Luciferase Reporter Constructs and Expression Plasmids—An HO-1 luciferase reporter plasmid, HO-1-(–4045/+74), was amplified from mouse genomic DNA by PCR and subcloned into the pGL2 luciferase reporter vector (Promega, Madison, WI). This HO-1 promoter was a gift from Dr. Shaw-Fang Yet. HO-1-(–3527/+74), HO-1-(–2986/+74), HO-1-(–2413/+74), HO-1-(–1857/+74), HO-1-(–295/+74), HO-1-(–137/+74), HO-1-(–117/+74), HO-1-(–66/+74), and HO-1-(–35/+74) deletion mutants were generated by PCR amplification with HO-1-(–4045/+74) as the template. Expression plasmids pCI-Ets-1, pCI-Ets-2, pCI-NERF2, and pCI-Elk-1 were a generous gift from Dr. Peter Oettgen. The dominant negative mutant of Ets-2 (28, 29) and Ets-2DBD (30) were generated by PCR amplification from mouse Ets-2 cDNA. Ets-2 phosphorylation mutant with a substitution of alanine for the wild-type threonine at position 72, pCI-Ets-2T72A, was generated as described previously (31).

Site-directed Mutagenesis—Mutants of Ets binding sites (EBSs) at bp –125 (mEBS1), –93 (mEBS2), and double mutant (mEBS1+2) were generated by site-directed mutagenesis of the HO-1-(–4045/+74) plasmid using Pfu polymerase (Stratagene, La Jolla, CA). In brief, PCR primers encoding mutant EBS, –122 to –125 and –90 to –93, were generated with CTGA substituted for ATCC in mEBS1 (5'-GAGTCATATGATTTCTGACCTTACAGGCAG-3' and 5'-CTGCCTGTAAGGTCAGAAATCATATGACTC-3') and GTTT substituted for GGAT in mEBS2 (5'-CTCCGGGCTGTTTGTTGCAACAGCAG-3' and 5'-CTGCTGTTGCAACAAACAGCCCGGAG-3'). PCR was performed with Pfu polymerase using the wild-type HO-1-(–4045/+74) plasmid as a template. The PCR was digested with DpnI, and the undigested plasmids were transformed into XL2-Blue bacteria (Stratagene). Individual plasmids were sequenced to verify incorporation of the Ets site mutation (schematic structures as described in the top panel of Fig. 4A).
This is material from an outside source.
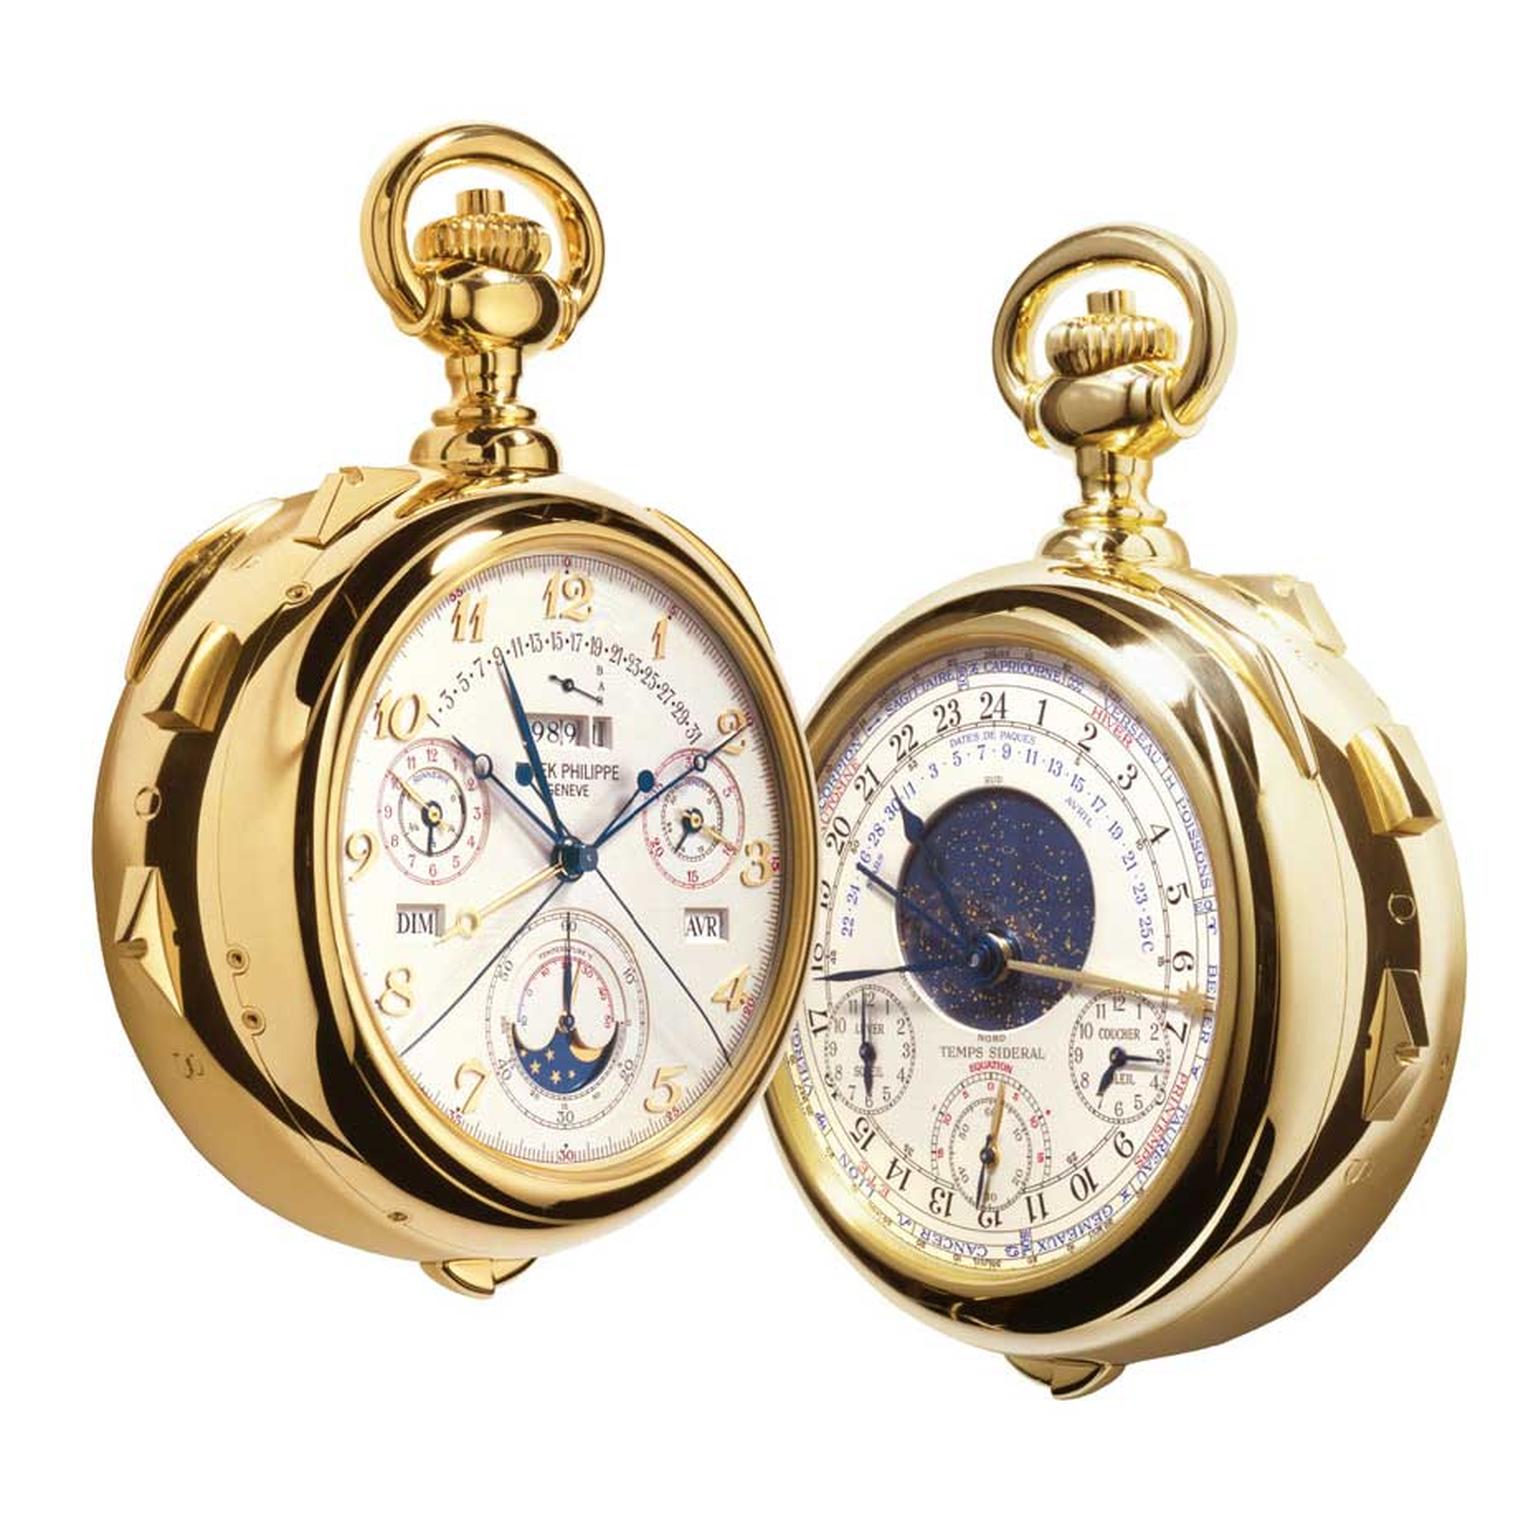 Calibre 89 by Patek Philippe was created to celebrate the brand's 150th anniversary in 1989. Packed with 33 complications, it is the world's most complicated pocket watch.

View larger version (15K): [in this window] [in a new window]   FIG. 4. EBS –125 and –93 are important for induction of HO-1 promoter activity by Ets-2 and LPS. The HO-1 wild-type and mutant promoters are schematically depicted in A. RAW 264.7 cells were transiently co-transfected with HO-1 promoter constructs (250 ng/well) containing wild-type (HO-1-(–4045/+74)) or mutated (mEBS1, mEBS2, or mEBS1+2) Ets binding sites at –125 or –93 and pCI-Ets-2 expression plasmid (200 ng/well; B) or LPS (500 ng/ml; C). The percentage of luciferase activity was calculated by comparison with HO-1-(–4045/+74) promoter activity, in the presence of either Ets-2 co-transfection (B) or LPS treatment (C). More than three independent experiments were performed in triplicate. *, p < 0.05 versus activity of wild-type promoter stimulated with either Ets-2 co-transfection (B) or LPS treatment (C); , p < 0.05 versus activity of mEBS1 promoter stimulated with either Ets-2 co-transfection (B) or LPS treatment (C).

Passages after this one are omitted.